Denn jetzt zeigt sich das Ergebnis der Politik der vergangenen Jahrzehnte auf der Portalstreppe: abgesetzte und noch regierende Staatsmänner, gekrönte und ungekrönte Häupter. Der Ex-Generalsekretär Michail Gorbatschow neben dem Ex-Dissidenten Lew Kopelew; der Umweltschützer Prinz Charles neben dem Daimler-Chef Edzard Reuter und – quel malheur – ohne Lady Di; der UN-Generalsekretär Butros Ghali neben ANC-Schatzmeister Thomas Nkobi; der israelische Regierungschef Schimon Perez neben seinem Namensvetter und Amtskollegen Carlos Pérez aus Venezuela. Ihm jubelt die für jede menschliche Geste dankbare Menschenmenge besonders heftig zu, als er mit Küßchen auf die Wange eine Dame verabschiedet.

Trommelwirbel. Nationalhymne. Ein junger Bursche in den Reihen der Zuschauer reißt den Arm hoch, führt die Hand zum militärischen Gruß an die Stirn. Im Tode vereint ruhen die Widersprüche. „Deutscher bis ins Mark“ sei sein Freund gewesen, hat Felipe González gesagt. Aber auch: „Europäer aus Überzeugung, Weltbürger aus Berufung.“ Graugesichtige Offiziere, einer mit einem Schnurrbart von Bismarckschen Ausmaßen, schieben den Sarg in den Leichenwagen. Die Zeremonie bleibt nicht ohne Blumenverlust, denn Soldatenhände sind ungeschickt. Geköpfte rote Nelken trauern auf deutschem Straßenpflaster. „MUSS“ steht auf dem silbergrauen Wagen: ein passender Name für ein Bestattungsunternehmen.

Das Unvollendete. Der dritte Satz von Schuberts Sinfonie liegt nur im Entwurf vor, er bleibt ungespielt. Ein Scherzo. Die deutsche und die europäische Einheit – ein schlechter Scherz? Das, was zusammenwachsen sollte, bleibt getrennt oder spaltet sich aufs neue. Der Tote hat es wohl geahnt, Rita Süssmuth erwähnte in ihrer Ansprache seinen Wunsch, er wolle „den Tag sehen, an dem Europa eins geworden ist“.
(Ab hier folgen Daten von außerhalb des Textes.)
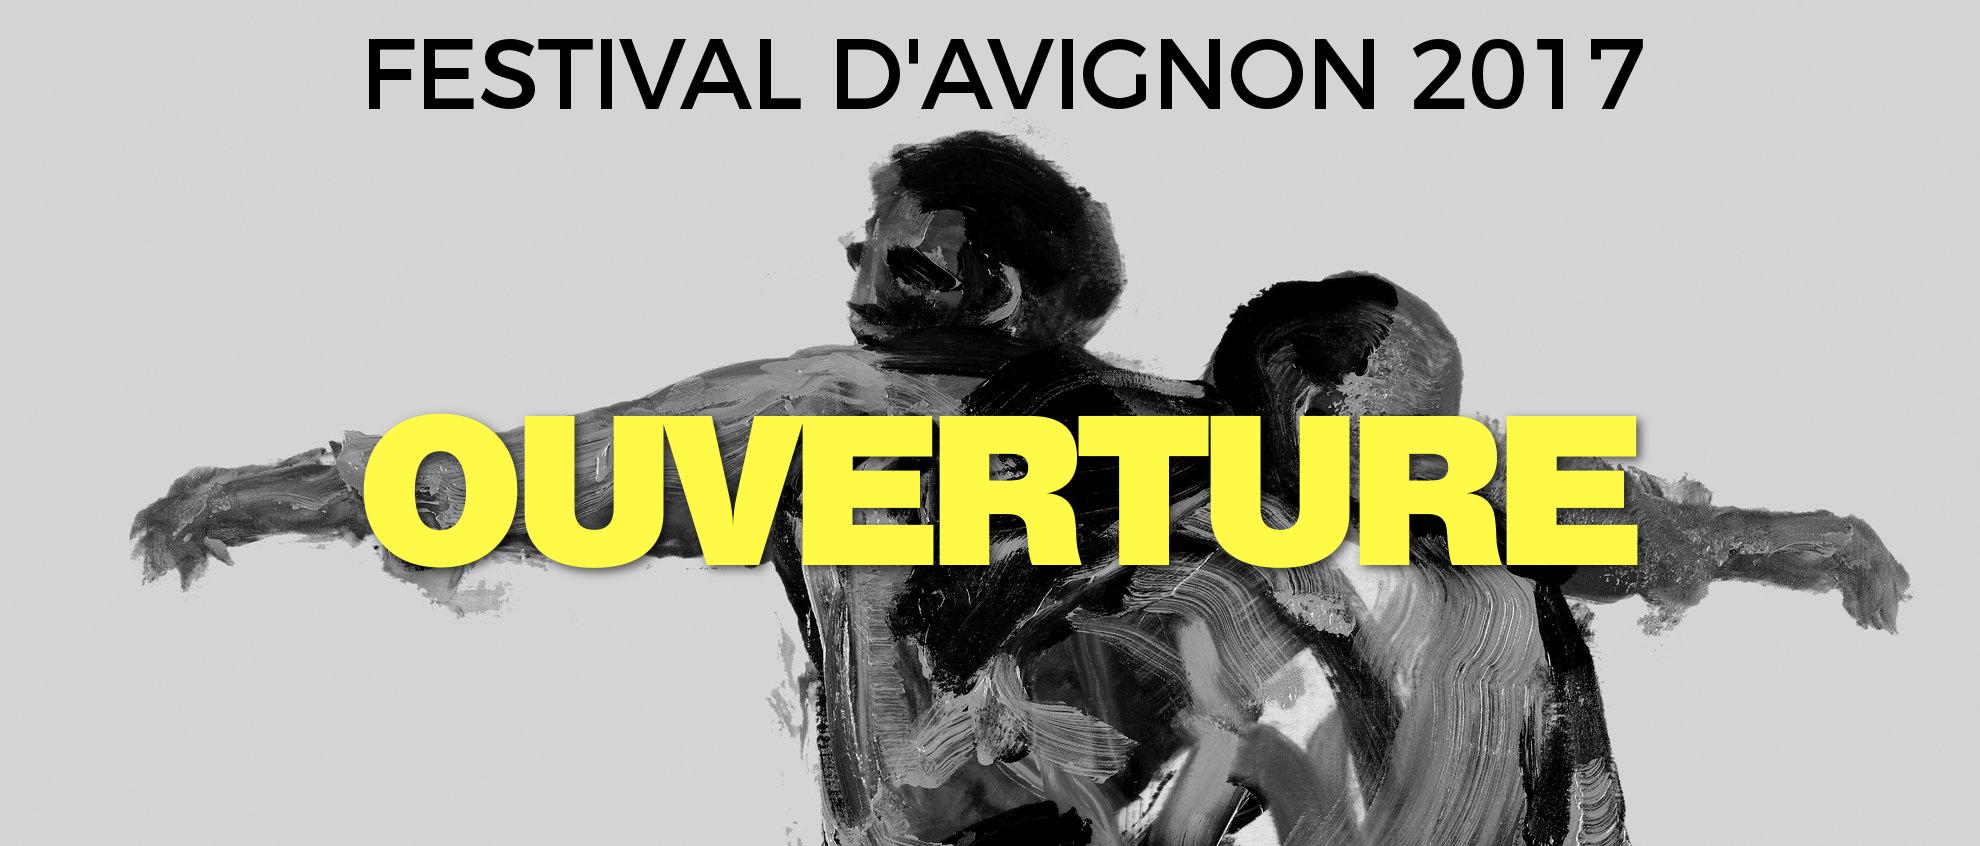 Ouverture du festival d 39 avignon 2017 festival avignon for Ouverture castorama avignon

Mit dem toten Brandt werden die Widersprüche beerdigt, an diesem Tag stehen Ost- und Westberliner, Deutsche und Ausländer friedlich weinend zusammen. Zwischen 15.000 und 20.000 Menschen waren schon am Vortage an dem aufgebahrten Toten in seinem ehemaligen Amtssitz im Rathaus Schöneberg vorbeidefiliert, hatten ihm Herzen und Rosen zugeworfen und die Hausmeister zu Überstunden gezwungen. Jetzt stehen sie wieder zu Tausenden vor dem Reichstag und an den Straßen. Dazu die die zweitausend, die seit Stunden unter kalten Bäumen auf dem Waldfriedhof Zehlendorf warten, um an der „Beisetzung im engsten Familienkreis“ teilzuhaben. Vierzig geladene Gäste folgen dem Sarg durch das Ehrenspalier der Polizei, Hans-Jochen Vogel, Johannes Rau, Johannes Mario Simmel, der ehemalige Bremer Bürgermeister Hans Koschnick stützt die Witwe. Willy Brandt findet seinen letzten Platz neben Ernst Reuter.

Ein Tag später, am Sonntag, ist das Grab bereits zur Pilgerstätte geworden. Hunderte häufen Nelken auf Rosen und wischen verstohlen Tränen ab. „Man hat sich bemüht“ – diesen Spruch auf dem Grabstein hat Willy Brandt, das Unvollendete ahnend, sich selbst gewünscht.